Bind on NON Y2K Compliant System

Bob Halley Bob.Halley at iengines.com
Fri Jan 7 20:14:45 UTC 2000


Mark Olbert <mark at arcabama.com> writes:

> I'm running bind (v8+) on a linux system which I believe is not Y2K
> compliant (meaning that the hardware is not Y2K compliant). I say this
> because whenever I try to set the hardware clock to a date in January,
> 2000, the date shows up (upon reboot) as being in January, 2094.
> 
> I am also running into a problem where nslookup will hang (frequently,
> but not always), because the dns cache is being continually emptied
> (e.g.
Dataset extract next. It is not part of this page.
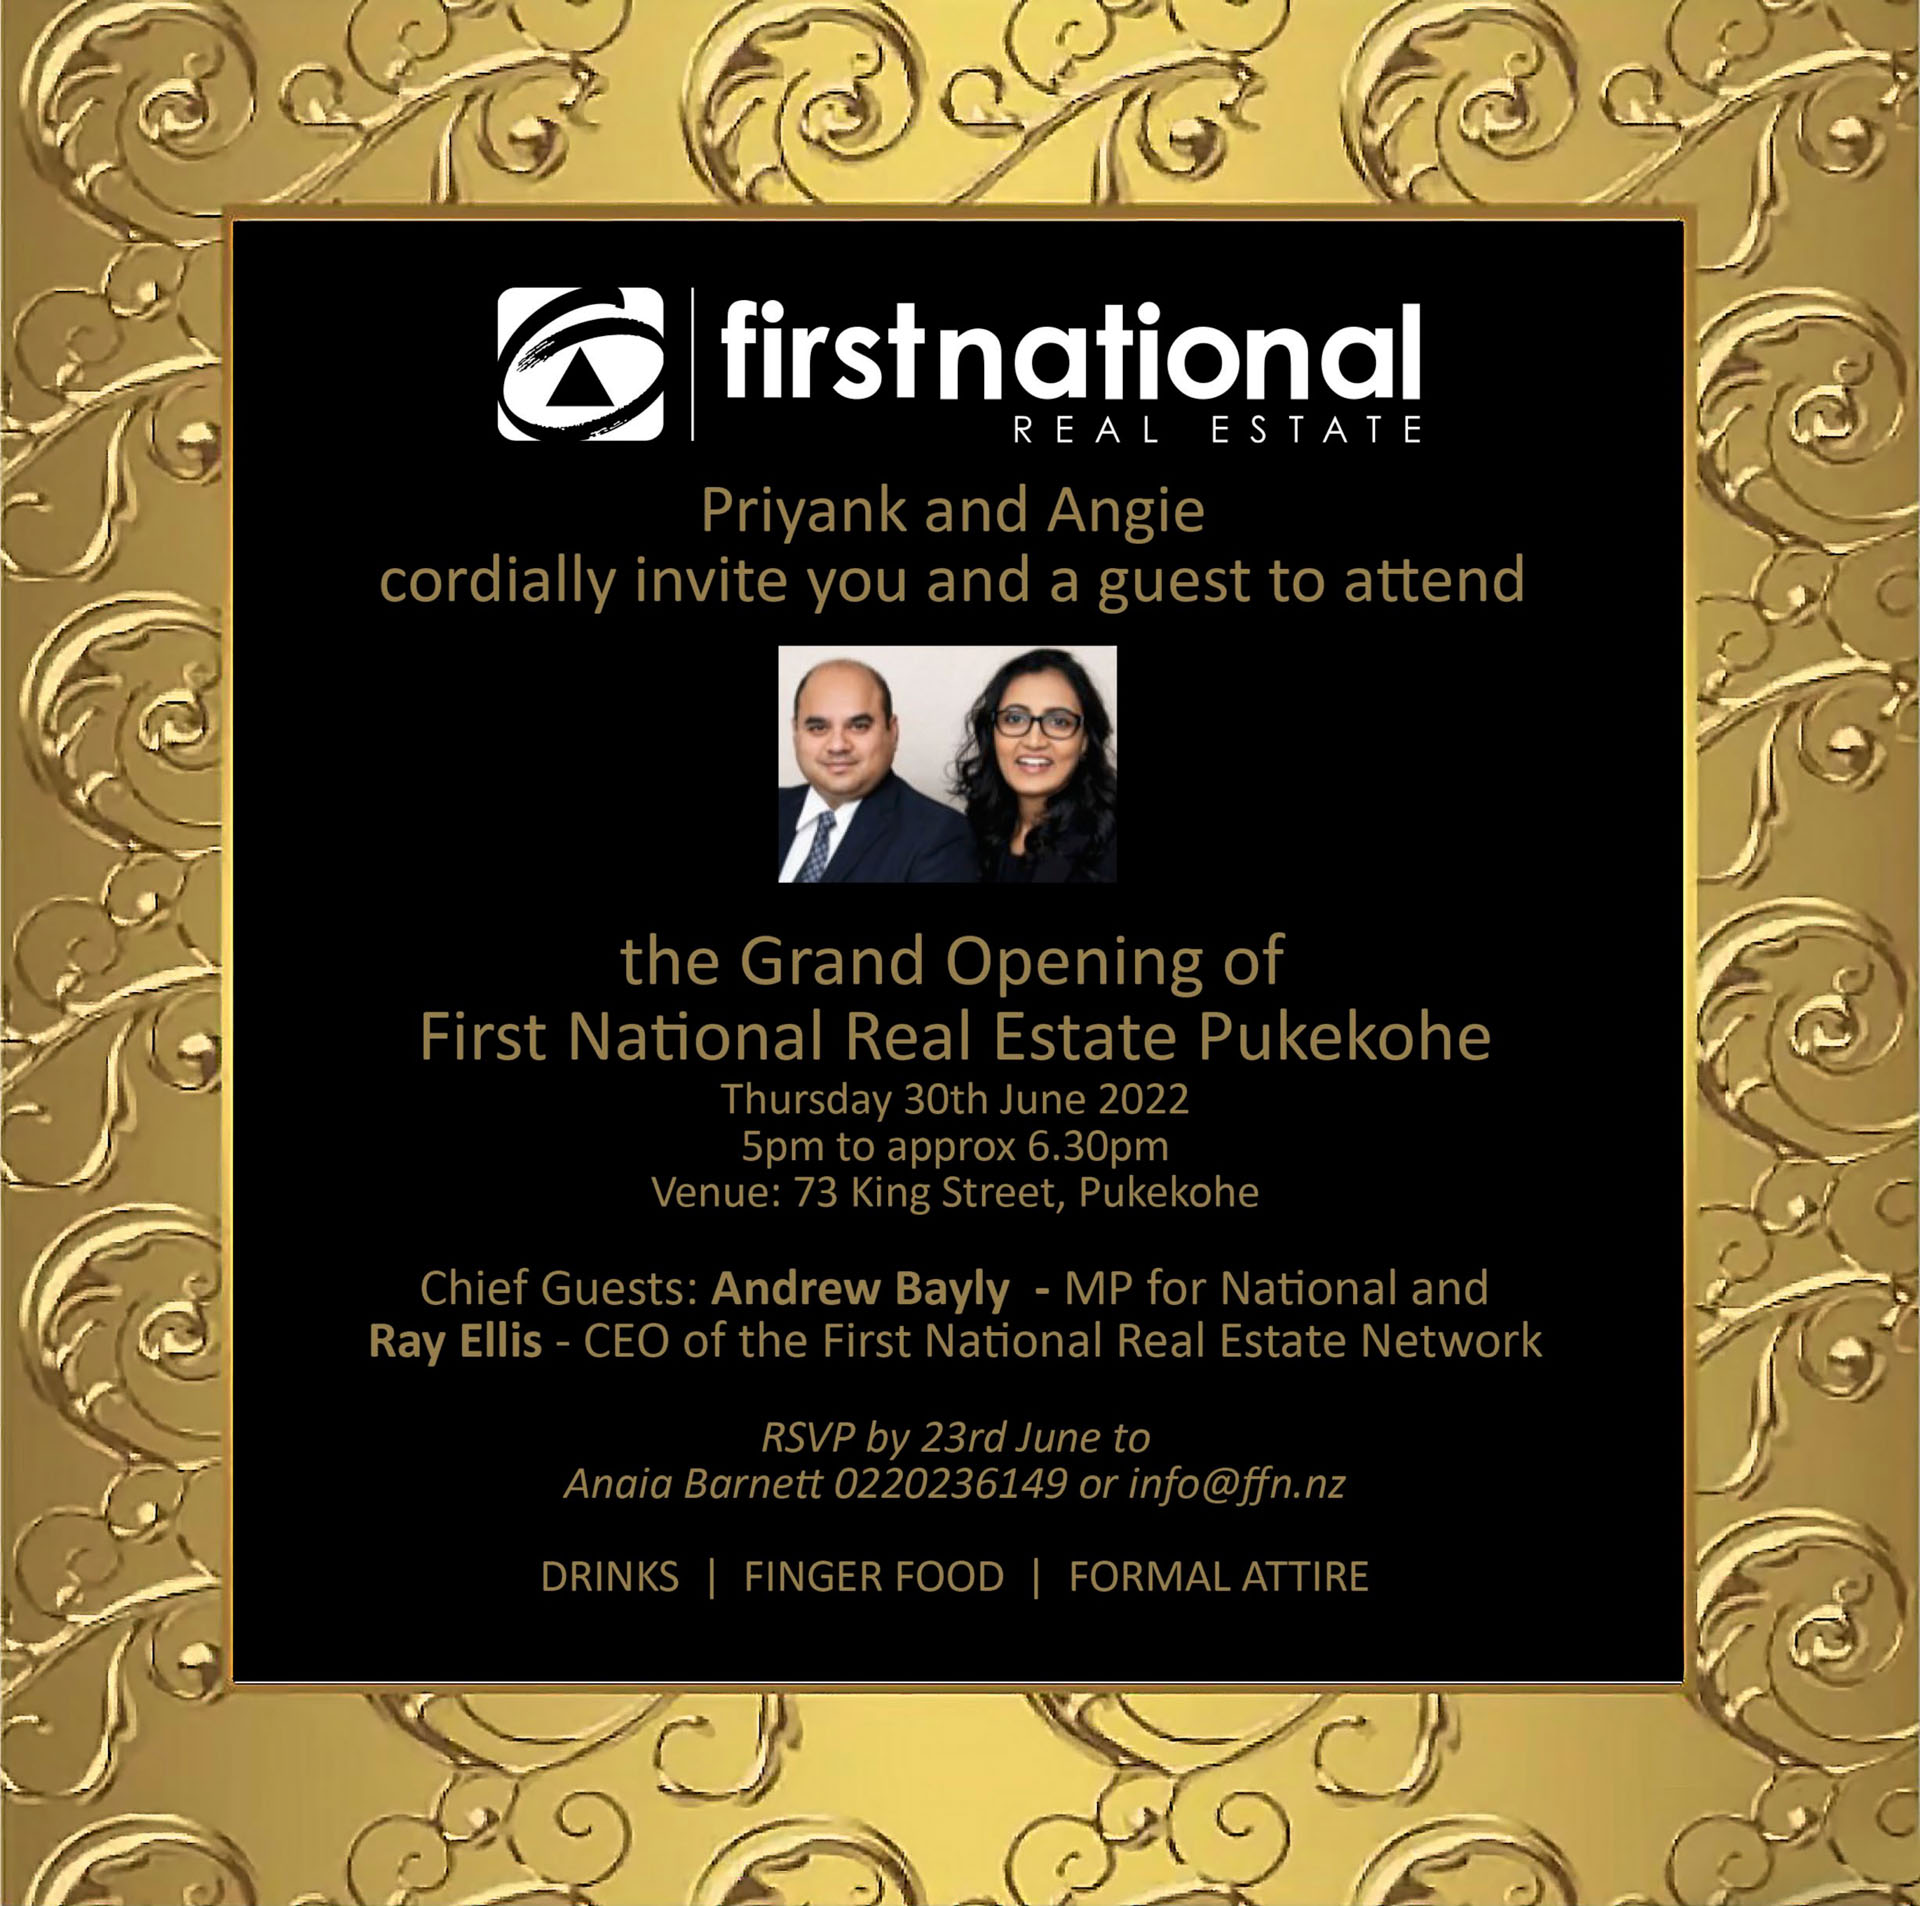 You’re invited to the opening of First National Real Estate in Pukekohe!

I presume that's what thousands of 'cache cleared of 0 RRs'
> messages in my /var/log/message file mean).

This sounds like a repeating timer problem that was fixed in BIND 8.1.2.

 306.	[bug]		Timewarping into the future would cause repeating
			timers to generate an event for every interval between
			the previous time and the new time.  Repeating timers
			are now rescheduled based on the last event time, not
			their due time.  Idle timers now use the last event
			time to compute the idle interval instead of the due
			time.

Caching cleaning is done by a repeating timer (once an hour by
default), so if the system's notion of the current time suddenly
jumped far into the future, versions of BIND 8 earlier than 8.1.2
would run the cache cleaning code for every hour between the previous
time and the current time.

Upgrading to a more recent version of BIND should fix the excessive
cache cleaning problem.  Fixing your system clock is also important,
since 'named', like many daemons, wants a reasonably stable clock.  If
the current absolute time is 'T', then 10 minutes later 'named' would
like the system's notion of the current absolute time to be 
'T + 10 minutes'.  If the system clock is frequently making large
jumps backwards and forwards, you might see strange results, e.g. RRs
that live a very long time or failures in periodic zone maintenance.